Without that policy, the codebase will drift into a mix of local conventions:
some paths return Overloaded, some return interface-specific failure text,
some remain boot-fatal, and future swap support would have no clear ownership
or threat model.
Design Goals
- No ambient OOM killer. The kernel must not scan the system for an arbitrary victim and kill it Linux-style.
- Explicit accounting. Memory exhaustion must be understood in terms of
budgets, commitments, and reclaimability, not just “the allocator returned
None.” - Typed failure semantics. Callers must be able to distinguish invalid requests, local budget exhaustion, transient pressure, and fatal page-fault failure.
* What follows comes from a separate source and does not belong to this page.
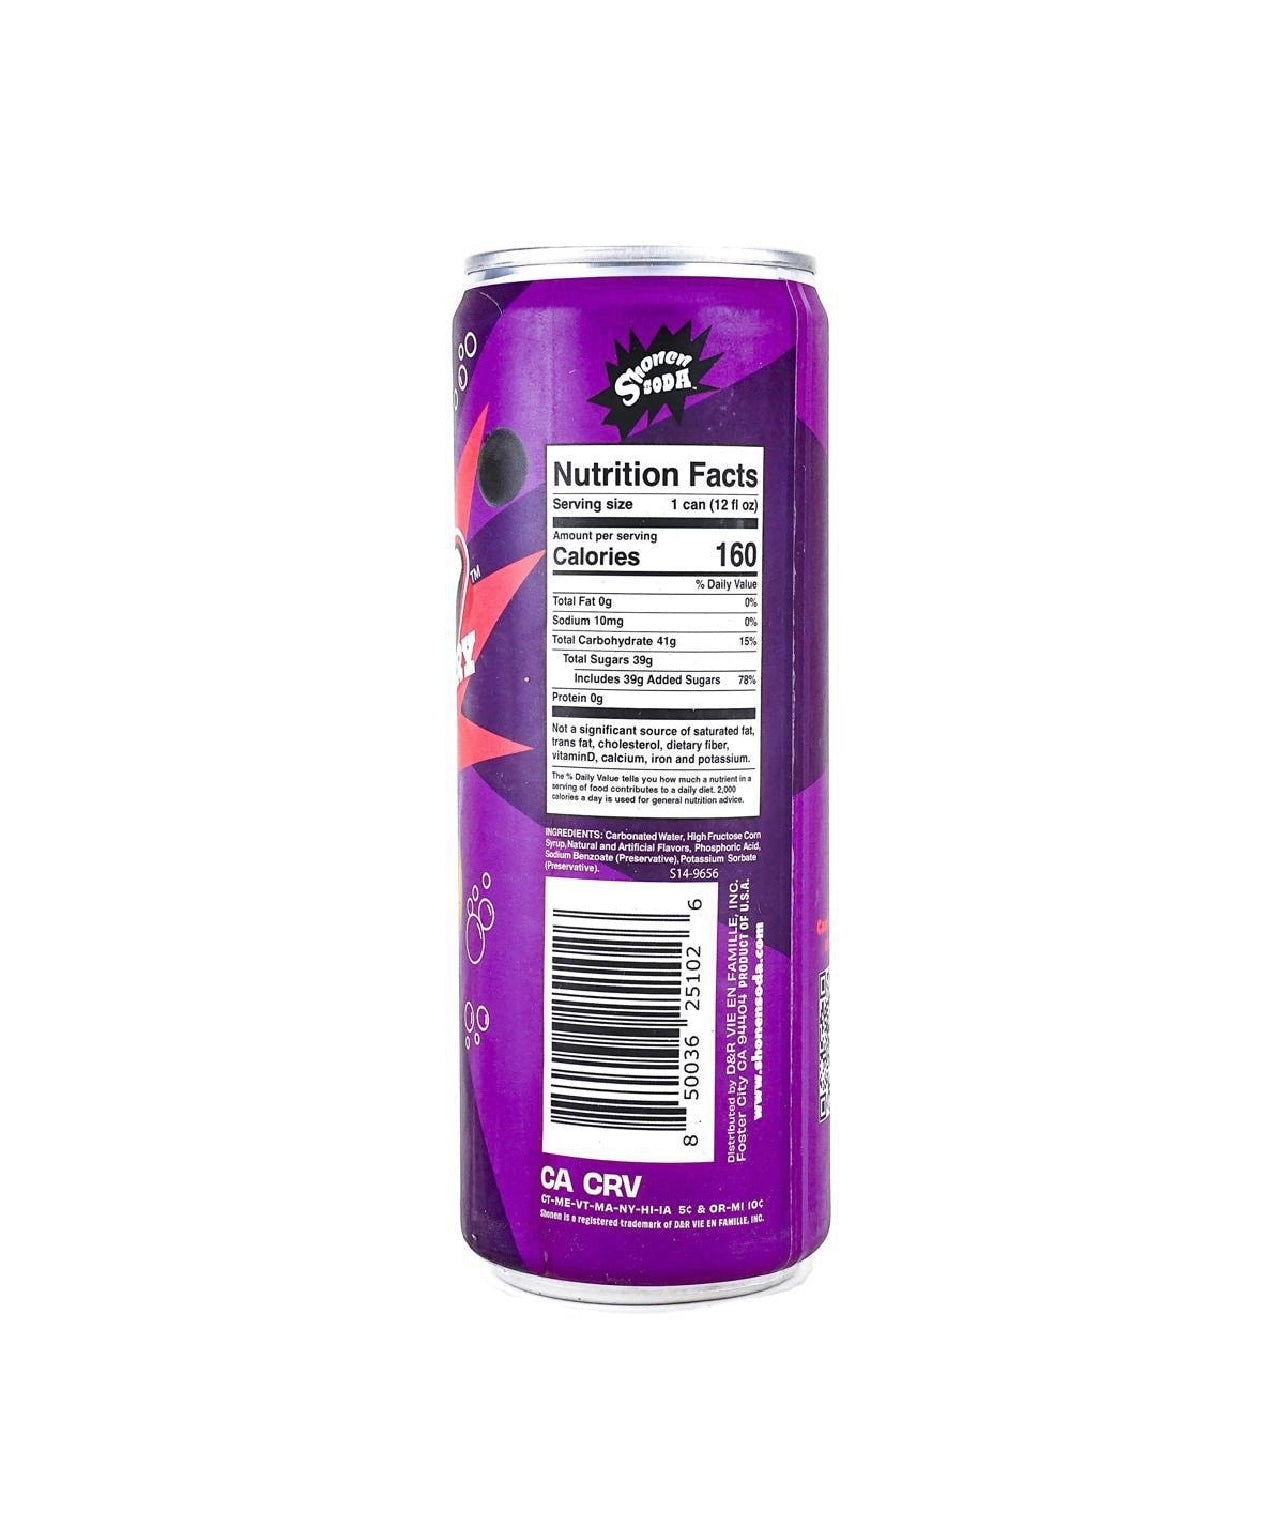 SHONEN SODA Elderberry Creme Soda,12 fl oz
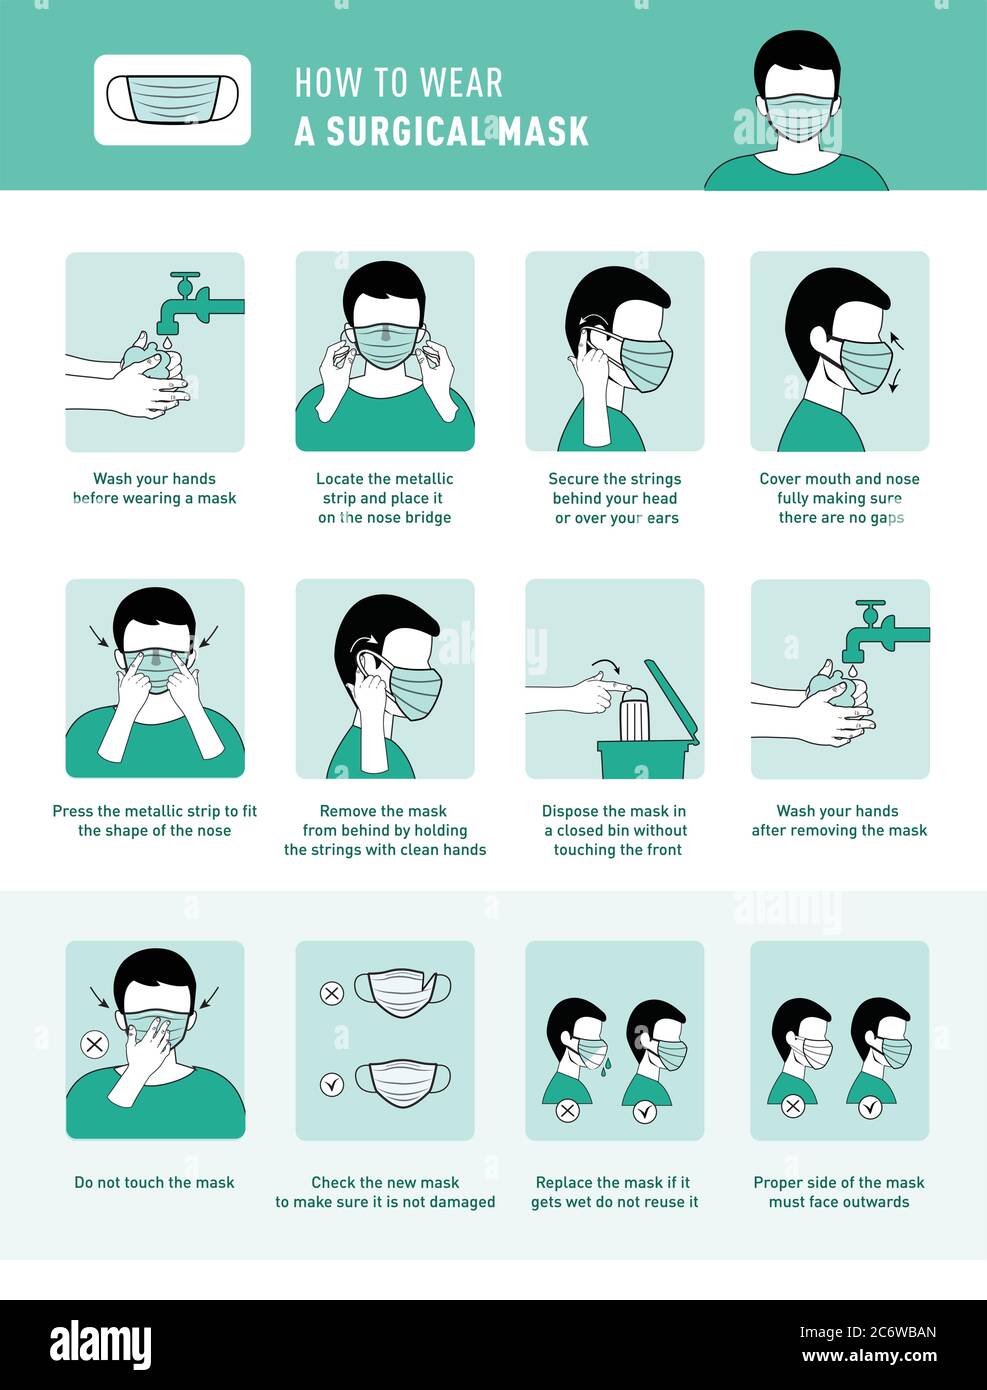 Come indossare la maschera medica e come rimuovere correttamente la maschera medica. Illustrazione infografica dettagliata di come indossare e rimuovere una maschera chirurgica. Illustrazione Vettoriale

- Fail closed. Memory-pressure code must not corrupt capability state, silently drop dirty data, or leave half-constructed kernel objects behind.
- Swap is optional. capOS must work without swap. Swap is a policy and deployment choice, not a baseline requirement.
- Security first. Swap must not become a secret-leak side channel or an integrity hole.
Non-Goals
- Transparent global persistence in the EROS sense.
- General-purpose overcommit as the default memory model.
- Swapping kernel metadata, capability rings, CapSet pages, or DMA-pinned memory.
- A userspace pager dependency in the first swap implementation.
Design Grounding
This proposal deliberately borrows from three existing design directions in the research set:
- Genode: strict memory accounting and quota donation are the right default because they avoid an ambient OOM killer and make responsibility obvious.
- seL4: explicit memory authority is preferable to a kernel that can create new backing objects out of thin air when under pressure.
- EROS / CapROS / Coyotos: do not make implicit persistent backing store the baseline. capOS already chose explicit persistence and should not back into a single-level-store design through swap.
The result is not a copy of any of those systems. capOS keeps explicit capability-granted memory objects and ordinary page tables, but adopts the accounting discipline that makes OOM behavior reviewable.
Core Policy
1. No Overcommit by Default
The default rule is simple: a process may only create anonymous memory if the system can charge that commitment to a real budget.
That means:
- anonymous
VirtualMemory.commitand compatibilityVirtualMemory.mapconsume committed-page budget, - anonymous
VirtualMemory.reserveconsumes virtual address-space quota only and does not promise physical backing, - resident pages consume real frame availability when they are instantiated,
- swap, when enabled, extends commitment capacity only for memory classes that explicitly allow it,
- and no interface may assume that a later background OOM killer will clean up a bad admission decision.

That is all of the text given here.